The post-liberals say that freedom has become a destructive end-in-itself. Economic freedom has brought about a global system of trade and finance that has outsourced jobs, shifted resources to the metropolitan coasts, and obscured its self-seeking under the veneer of social justice. Personal freedom has ended up in the mainstreaming of pornography, alcohol, drug, and gambling addiction, abortion, single-parent families, and the repression of orthodox religious practice and conscience.

For those keeping score at home, that’s Jacksonians, Reformocons, Paleocons, and Post-Liberal conservatives. None of them are “classical liberals.” History moves on and requires people to choose.

Back in the Day When Some Were Planting PCA Congregations in NYC (and others were joining the PCA)

It was not an innocent time. Robert Hughes, art critic for Time magazine, wrote a book about cultural antagonisms in the United States, The Culture of Complaint.
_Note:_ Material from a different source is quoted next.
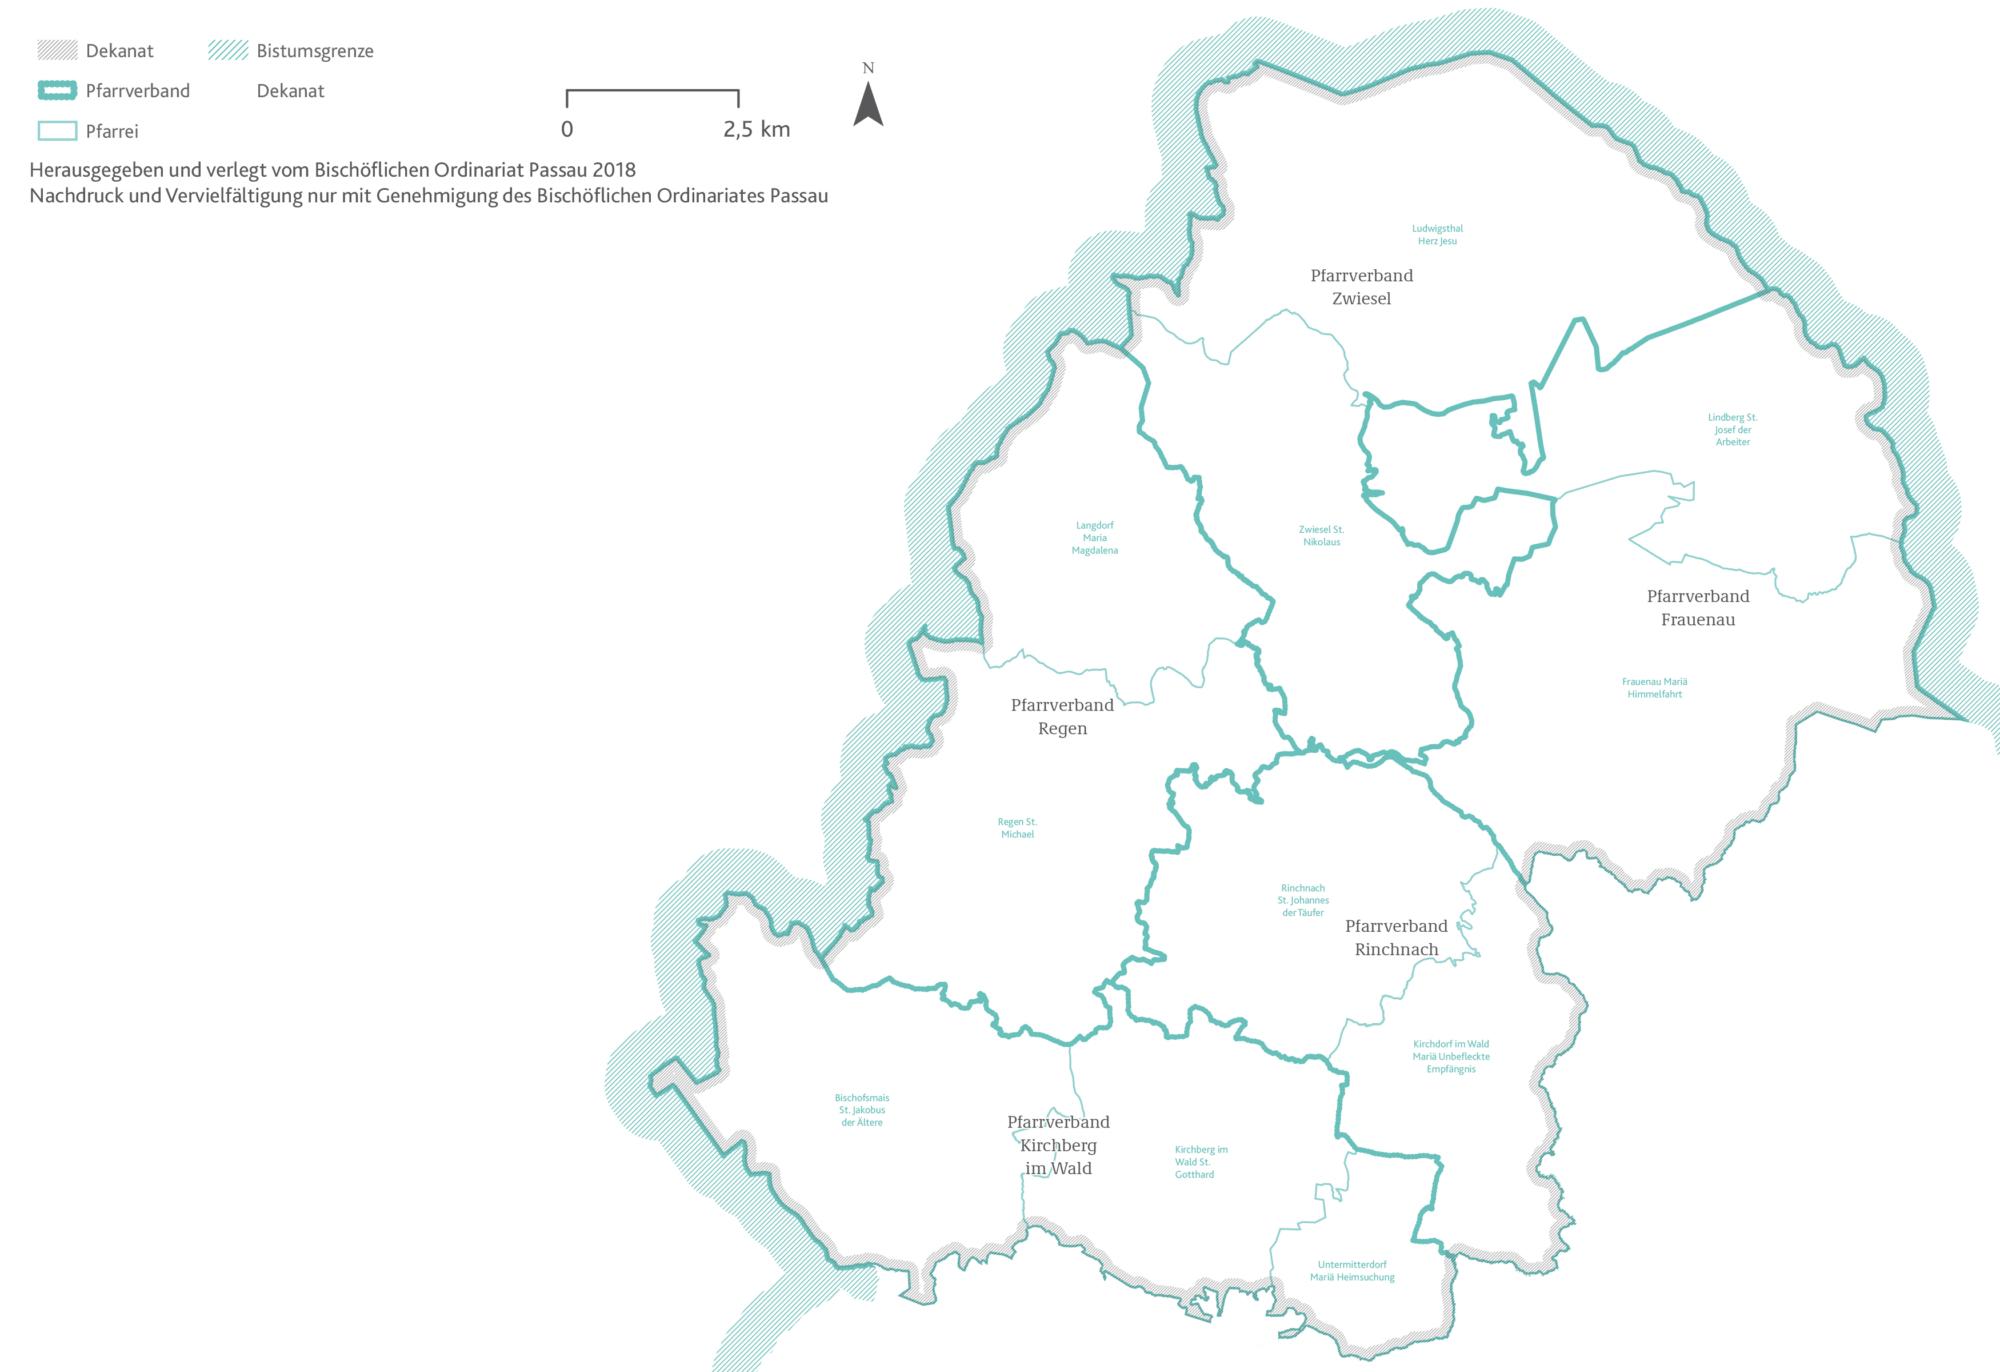 2021 Bistum Pfarreien Dekanate Regen

David Denby, a movie critic for New York magazine, reviewed it for the New Republic. It doesn’t sound like much has changed (except that sensitivities have escalated):

For years liberal intellectuals in this country have sounded sickly and confused. half convinced that their privileged position has disqualified them from criticizing any less powerful group, afraid of asserting what might be seen as an advantage. Something like academic Afrocentrism may be largely nonsense, but how many have the stomach to attack it? How many have the courage to say that gay artists whose lives have become nightmarish from the fear of AIDS are not necessarily better painters or sculptors? Putting it in pragmatic terms: Is making such points worth the risk of sounding like Hilton Kramer? Even if you can avoid such a ghastly outcome, the task requires a relish for combat and a willingness to hit an open target—a sort of herculean insensitivity.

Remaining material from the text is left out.